§ EXERCISE DATA
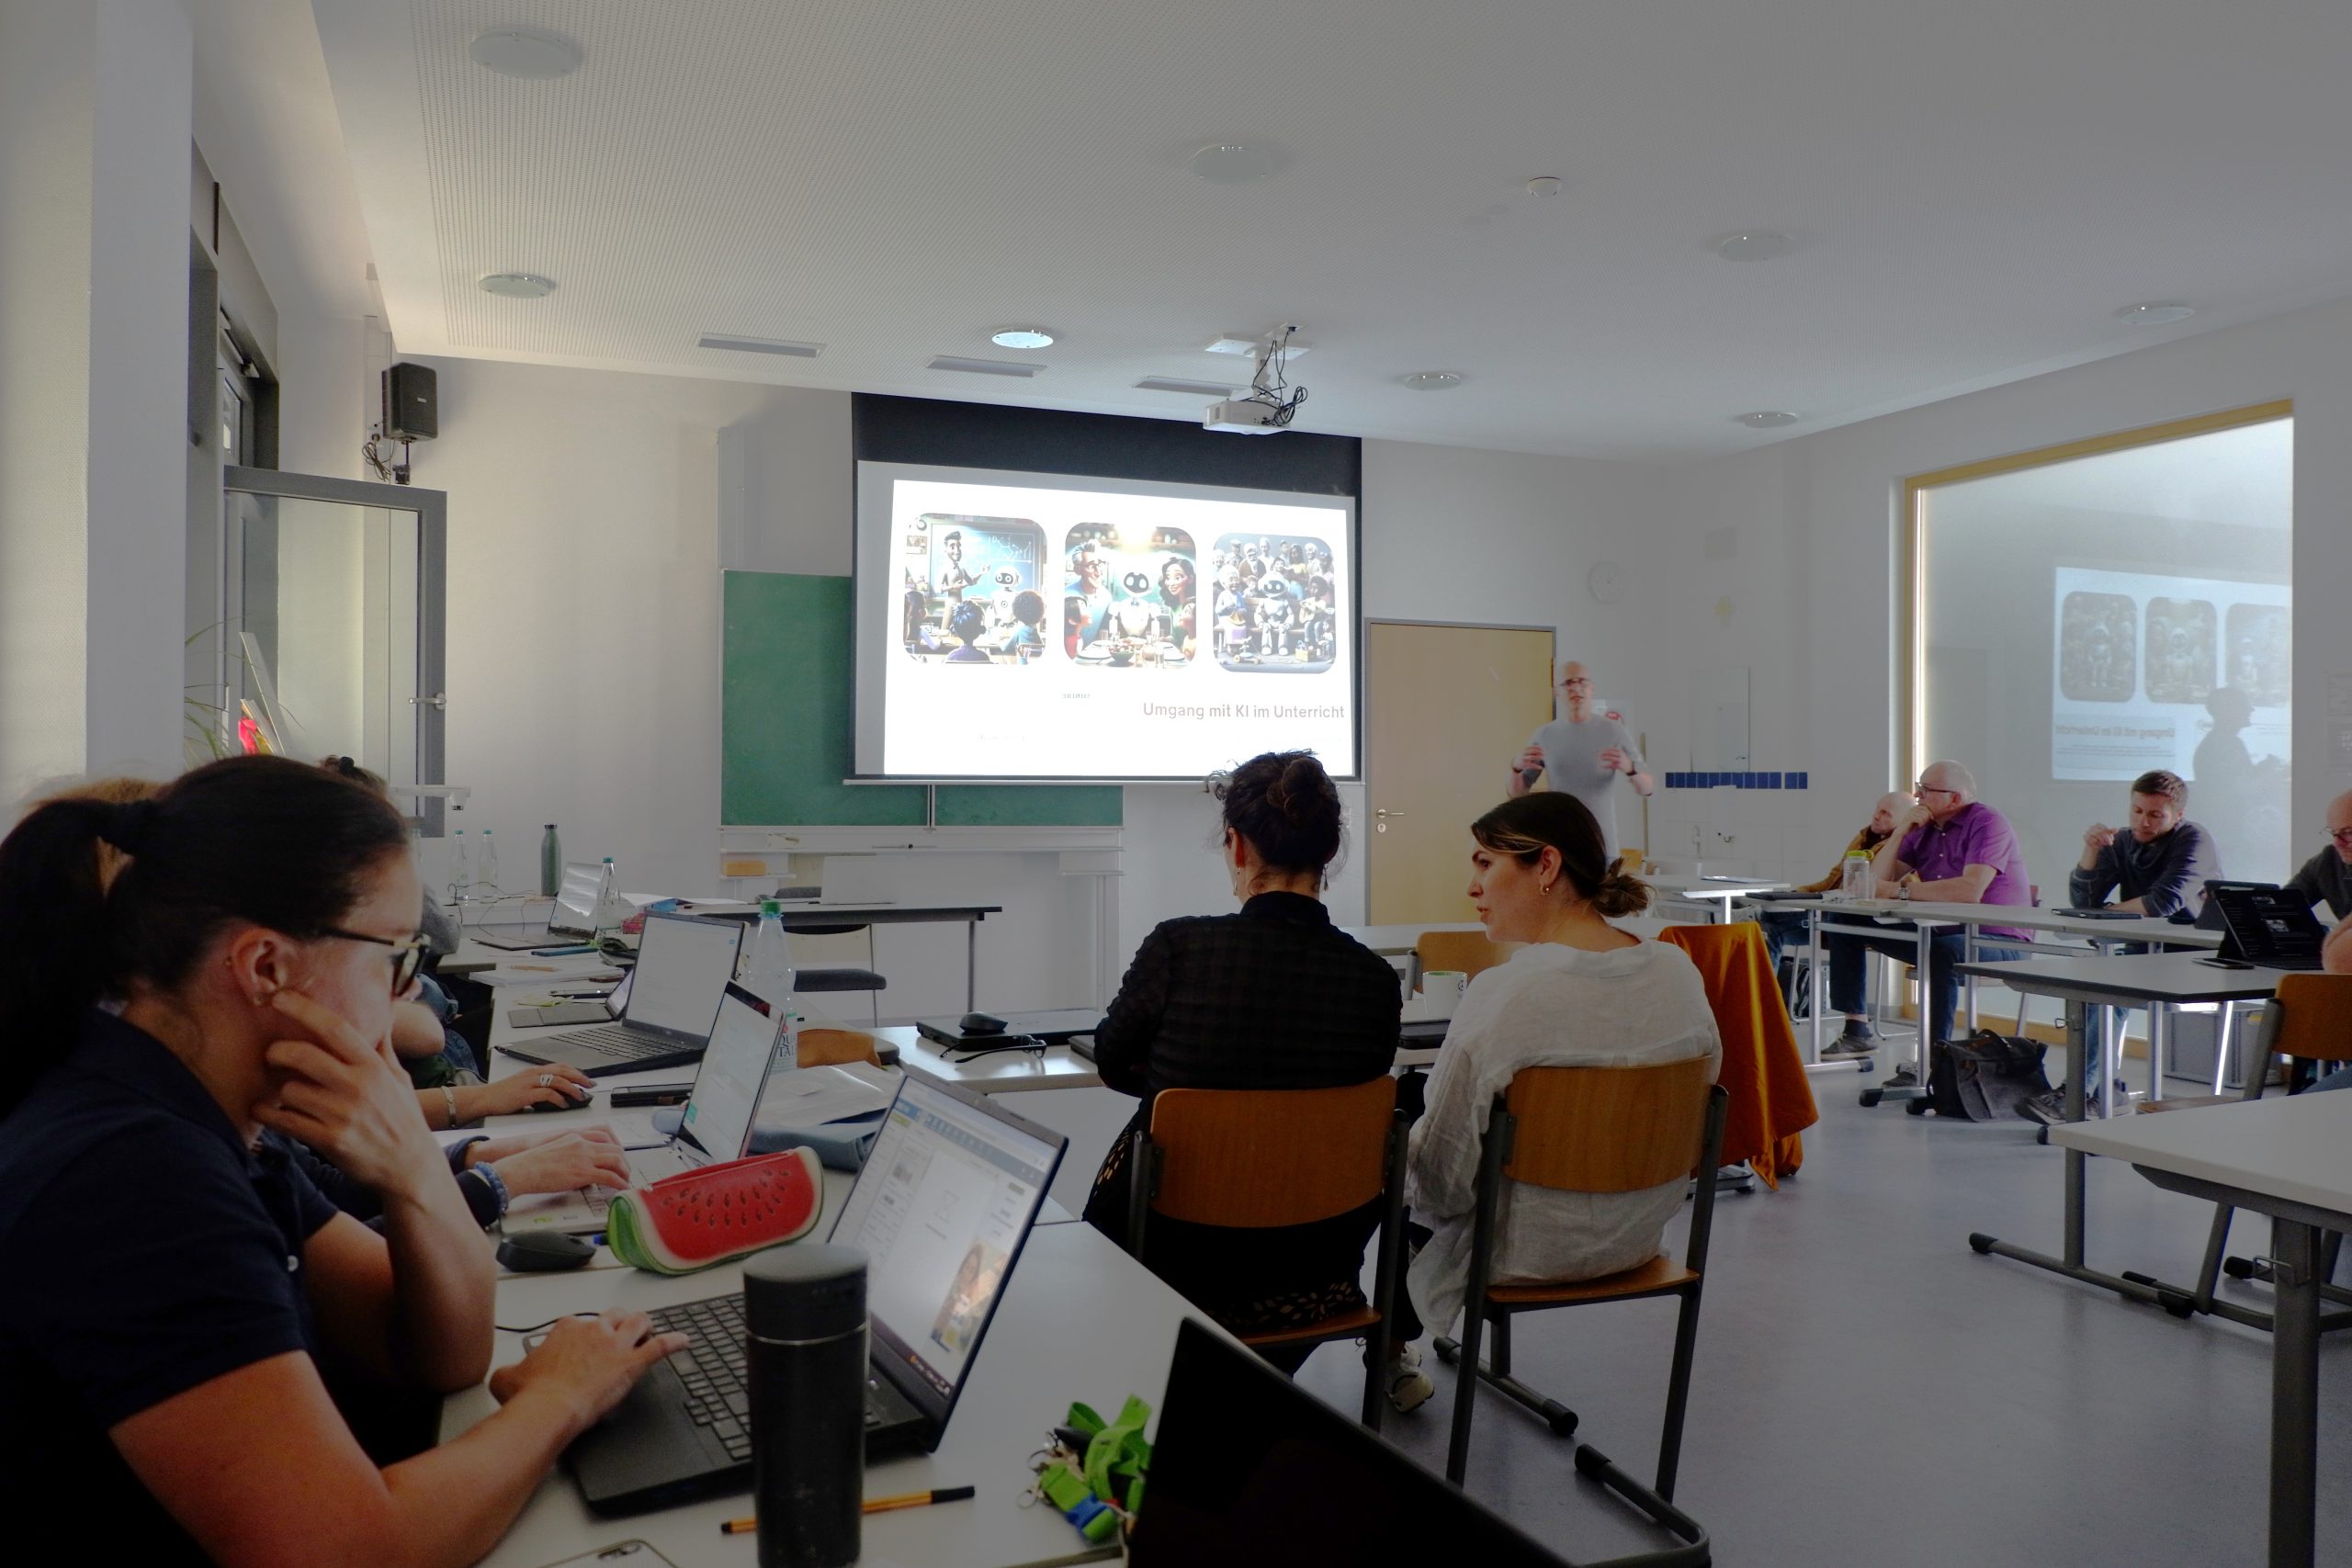 Medienpädagogischer Tag an der Jakob-Emele-Realschule: Digitale Kompetenz im Fokus
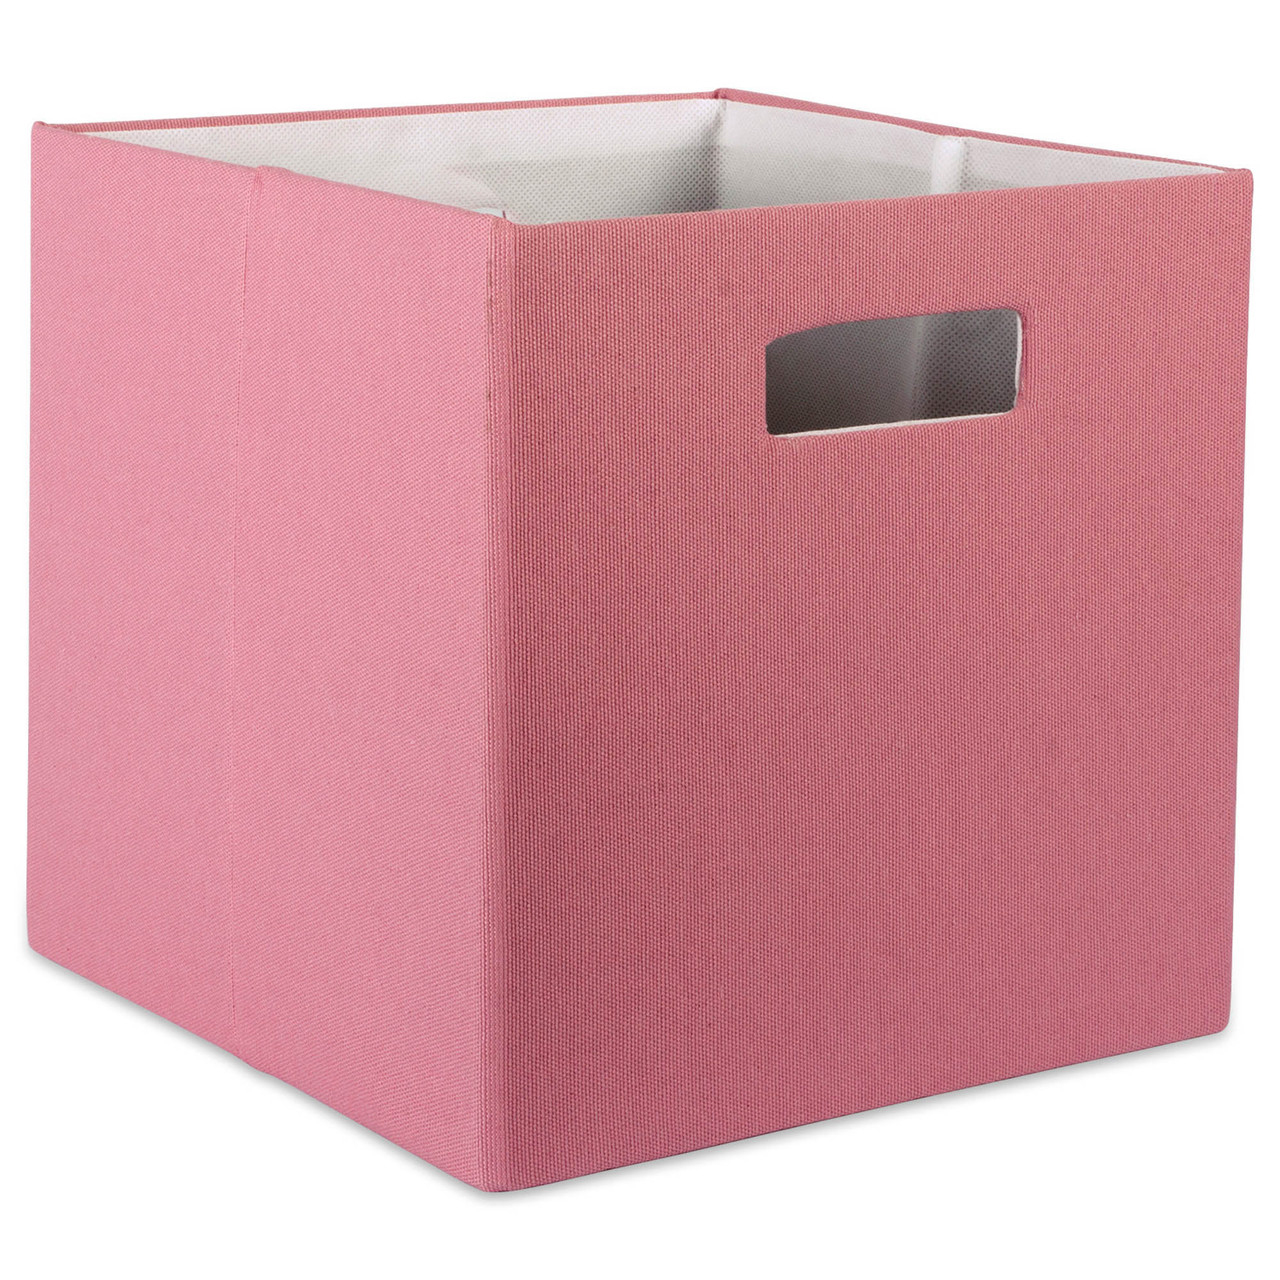 rose pink 13 inch folding storage cube bin
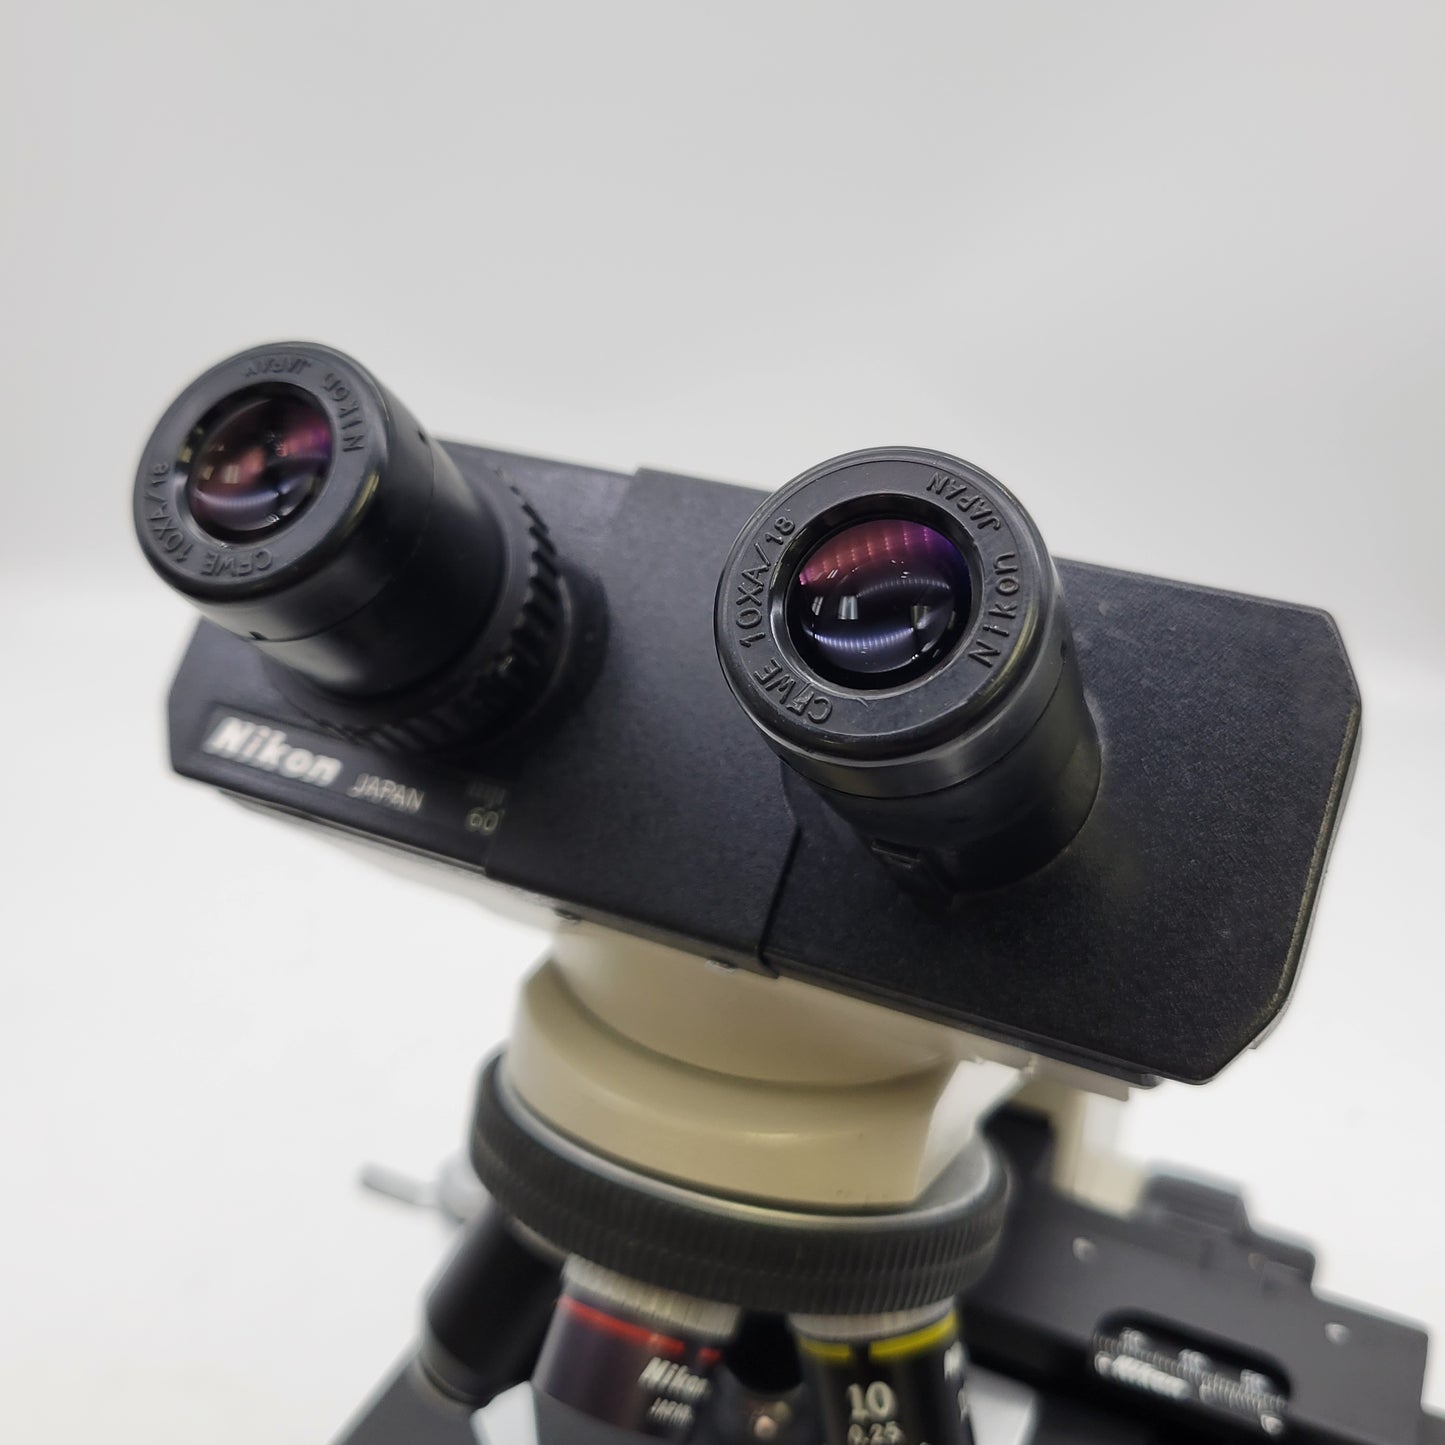 Nikon Microscope Alphaphot 2 with 4x, 10x, 40x, 100x Oil Objectives - microscopemarketplace
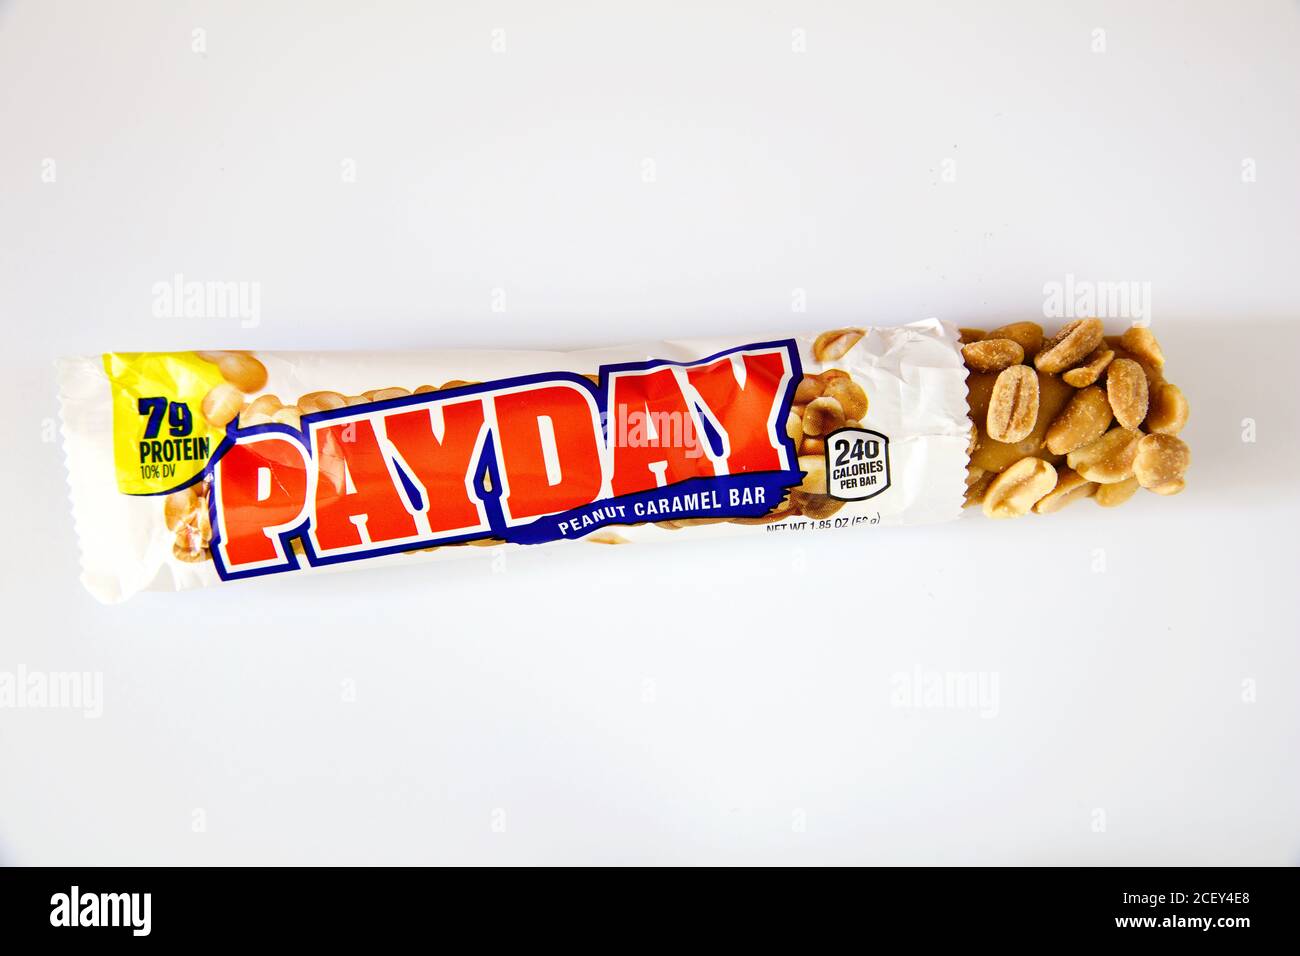 Hershey’s PAYDAY Peanut Caramel Candy Bar Stockfoto

§ WHAT THE EXERCISE ASKS
Leaving the pictures out, output all of the listing exactly.

§ RESPONSE
 Medienpädagogischer Tag an der Jakob-Emele-Realschule: Digitale Kompetenz im Fokus
 rose pink 13 inch folding storage cube bin
 Nikon Microscope Alphaphot 2 with 4x, 10x, 40x, 100x Oil Objectives - microscopemarketplace
 Hershey’s PAYDAY Peanut Caramel Candy Bar Stockfoto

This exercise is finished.